「右の方に目を向けてご覧ください。わたしを認めてくれる者がだれもいないのを。・・・わたしの魂について尋ねてくれる者はだれもいません。・・・わたしの周りに義にかなった者たちが集まるように。」(詩編142:4,7)
詩編142編は、ダビデのひとつの祈りについて述べています。聖書を調べるとそのダビデの祈りはエホバに聞き届けられたことが分かります。
詩編142編は、「マスキル。ダビデによる。彼が洞くつにいたときに。祈り。」という前書きになっています。それで、この詩編は、ダビデが、サウル王に命をねらわれて逃げ、洞くつに隠れていた時に、捧げられた祈りであることが分かります。
サウルは、人々が自分よりもダビデをほめたたえたので、ダビデをねたむようになり、ダビデが自分の王権を脅かすのではないかと考え、ダビデを殺そうとするようになりました。それでダビデは逃げなければいけなくなりました。最初、ダビデは部下を連れずにひとりで逃げたようです。
詩編142編4節の中で、ダビデは自分には、ひとりも支援者がいないことについて、語っています。聖書によると、ダビデは、最初サウルから逃げた時、自分の家から、妻ミカルの助けによって一人で逃れました。(サムエル第一19:11,12)そして、預言者サムエルのもとに行きました。そして、サムエルとダビデはふたりで住んだと述べられているのですから、ダビデはひとりで行動していたことがこのことからも分かります。(サムエル第一19:18)
後に,ダビデはノブの祭司アヒメレクのところにやって来ました。アヒメレクはダビデがひとりで行動していたので、恐れたと述べられています。(サムエル第一21:1)それで、詩編142編7節の中でダビデは、自分をサポートしてくれる義なる者が自分の周りに集まるようにと祈っています。ダビデはおそらく詩編142編の祈りをアドラムの洞くつでささげたのでしょう。
ダビデの祈りは聞き届けられました。聖書は次のように述べています。「ダビデはさらにそこから去って,アドラムの洞くつに逃れた。彼の兄弟たちとその父の全家はそのことを聞き,そこに,彼のもとに下って来た。 そして,困窮している者,債権者のいる者,魂の苦しむ者は皆,彼のもとに集まるようになり,彼はそれらの者の長となった。およそ四百人の者が彼と共にいるようになった。」(サムエル第一22:1,2)
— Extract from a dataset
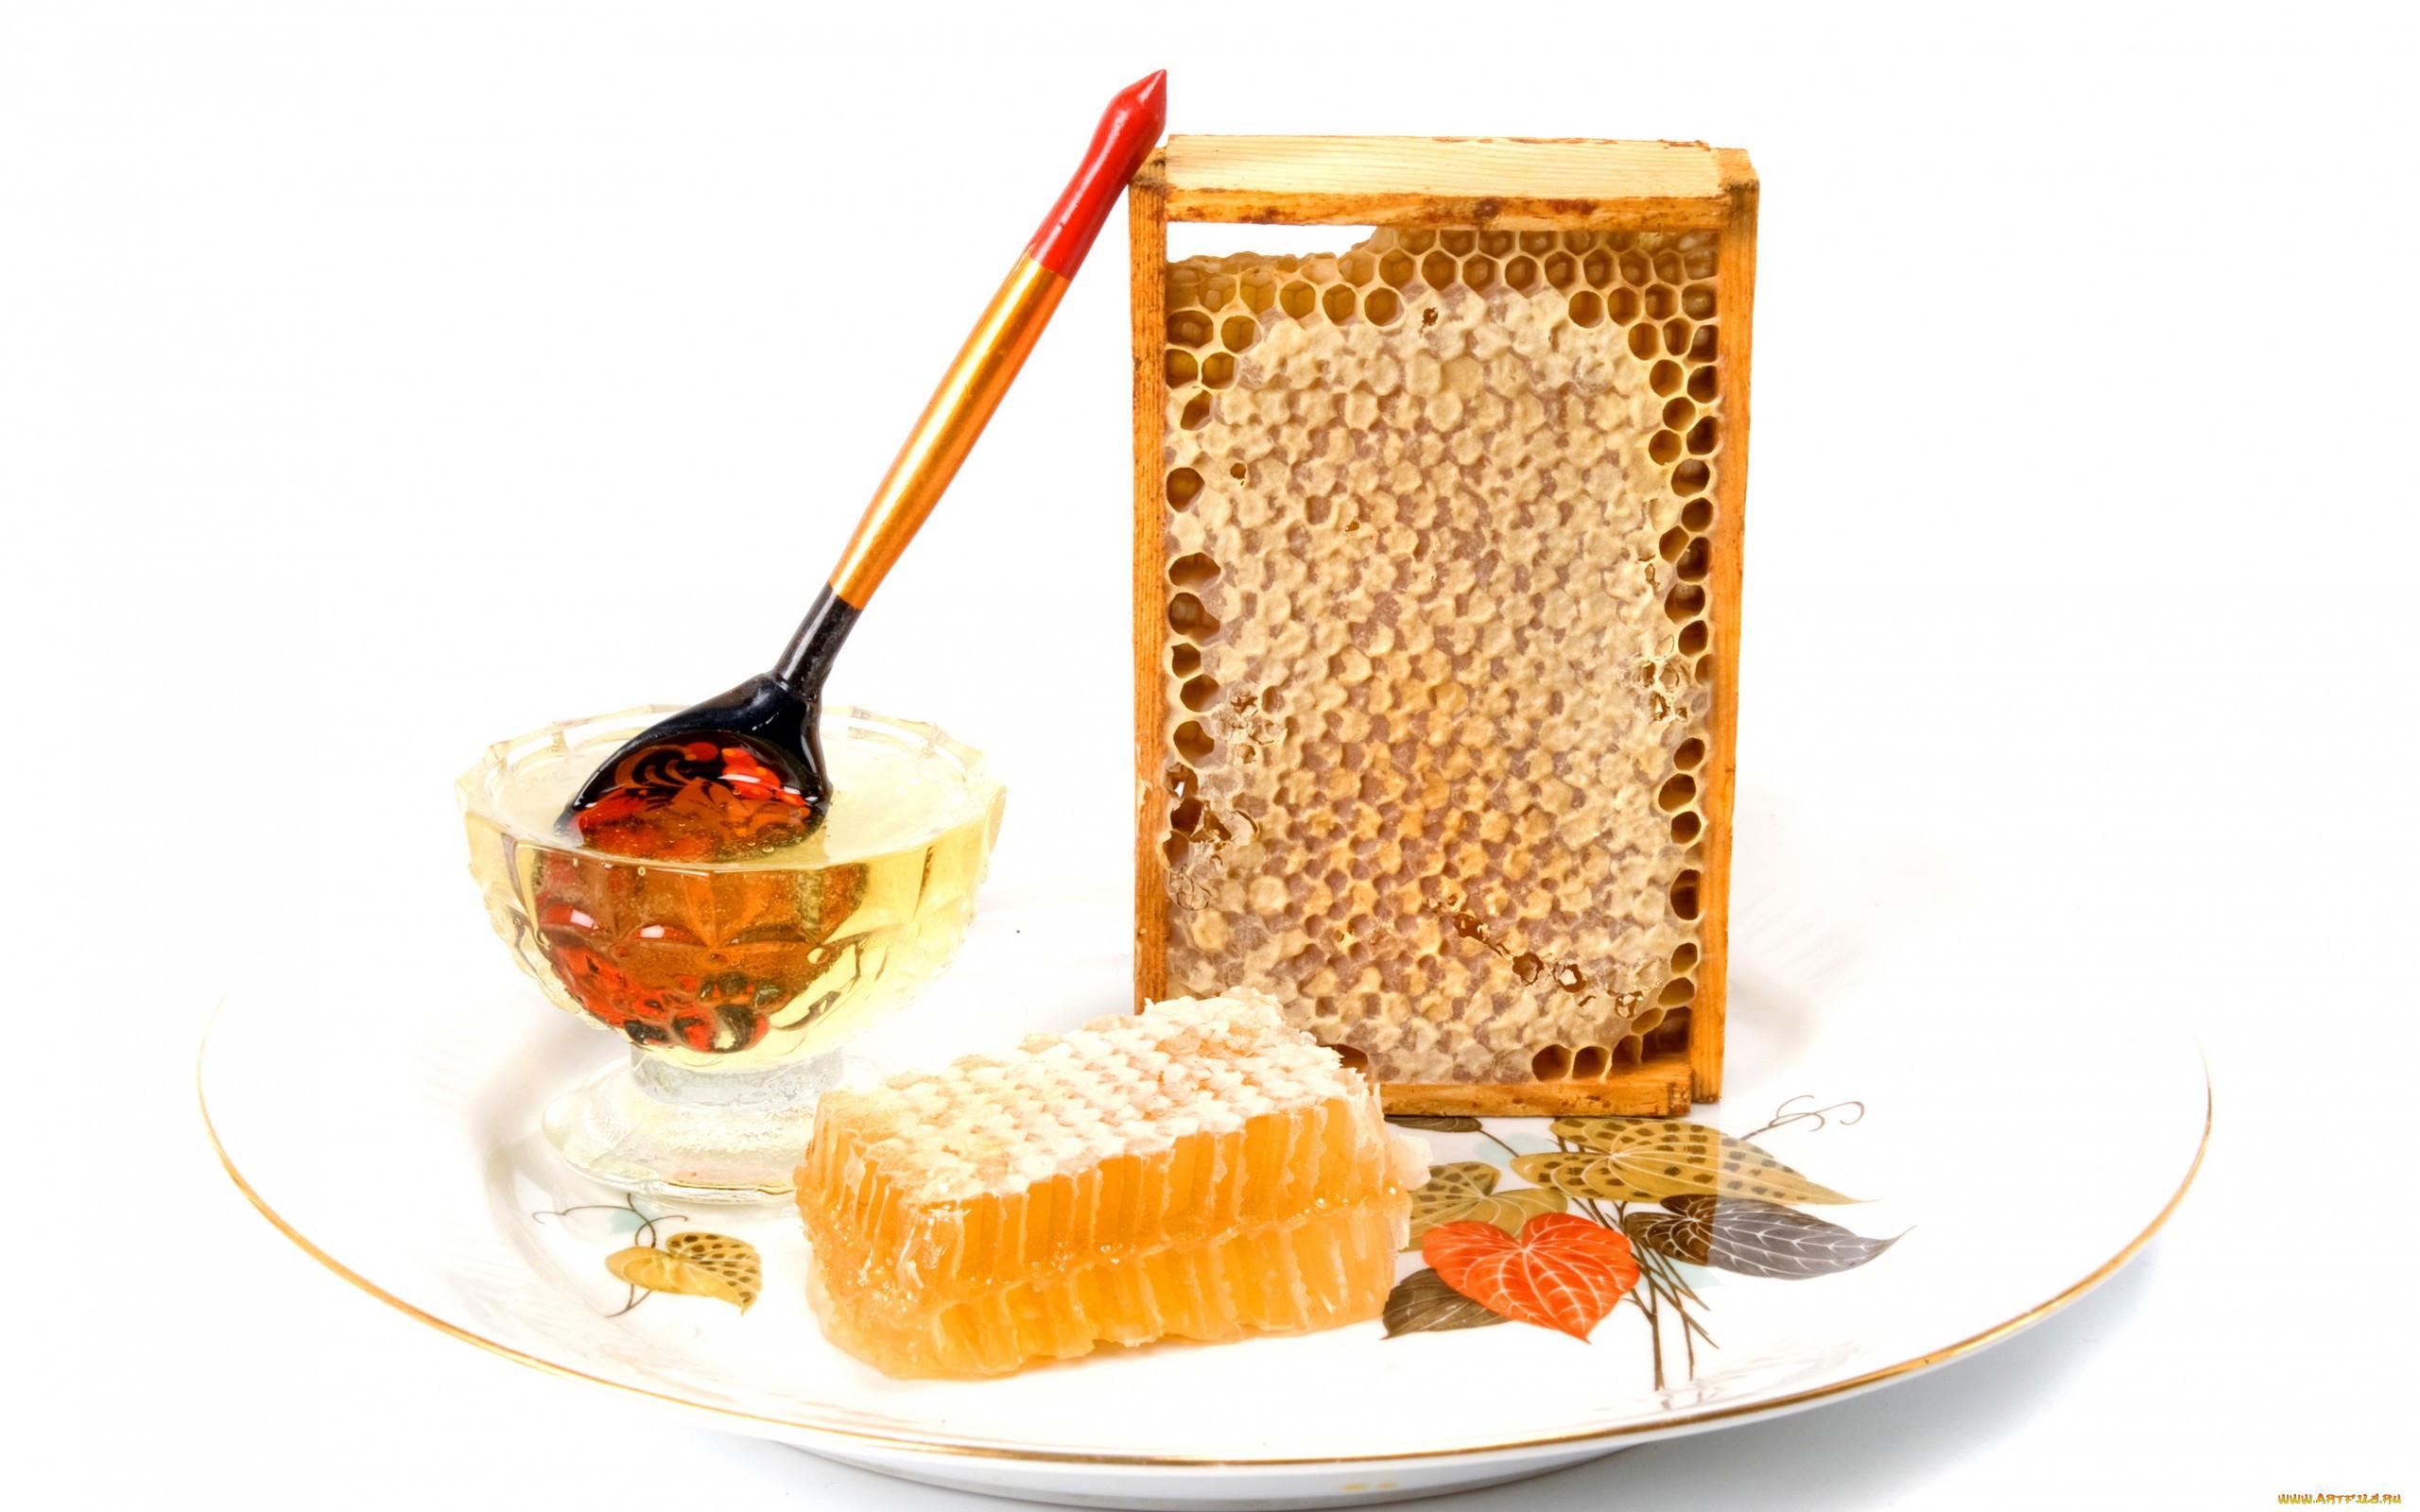 Соты в приграничных с медом на блюде - Стоковая фотография, высокое разрешение, большой размер, 300 DPI от...

ダビデの祈りは聞き届けられ、ダビデの親族や、苦しんでいる者がダビデの周りに集まり、四百人がダビデと共にいるようになりました。そして、さらにダビデの祈りは聞かれていきます。
祭司アヒメレクがサウルによって殺された後、アヒメレクの子アビヤタルがエフォドを持ってダビデのもとに逃げてきました。(サムエル第一23:6)そして、聖書の記録を見ると、ダビデの部下は、六百人になったことが分かります。(サムエル第一23:13)ダビデは六百人の者と共にサウルから逃げ回りました。
ダビデがサウルから逃げていた時に、さらに大勢の者がダビデのもとにやってきました。ダビデのもとにやって来た者たちに関して聖書は次のように述べています。「これらはダビデがキシュのサウルのゆえに、まだ制約を受けていたとき、チクラグにいる彼のもとに来た者たちである。彼らは力のある者たち,戦いで助けた者たちのうちにあり・・・」(歴代第一12:1,2)「自ら離れて,荒野の近寄り難い所でダビデの側に付いたガド人のある者たちがいた。勇敢で,力のある者たち,戦いのための軍人で・・・」(歴代第一12:8)
戦いにおいて有能な者たちがダビデのもとにやってきました。それらの者たちは、ダビデの強力な軍隊の中核になりました。それらの軍人たちを率いて、ダビデは数多くの戦いに勝利をおさめました。
そして、聖書は次のように記録しています。「日に日に,人々はダビデを助けるため彼のもとに来て,ついに大陣営,神の陣営のようになったのである。」(歴代第一12:22)ダビデの祈りはエホバに好意的に聞き届けられ、ダビデのもとに大勢ダビデを支援する者たちが集まりました。
これは、神のご意志を行おうとする義なる者の祈りをエホバが聞き届けてくださることを示す一例です。私たちは、エホバのご意志を行うにあたって孤独を感じる時にも、エホバに依り頼んで、神のご意志を行なう仲間を祈り求めましょう。エホバはダビデの祈りに答えてくださったのですから、私たちの祈りにも答えてくださるでしょう。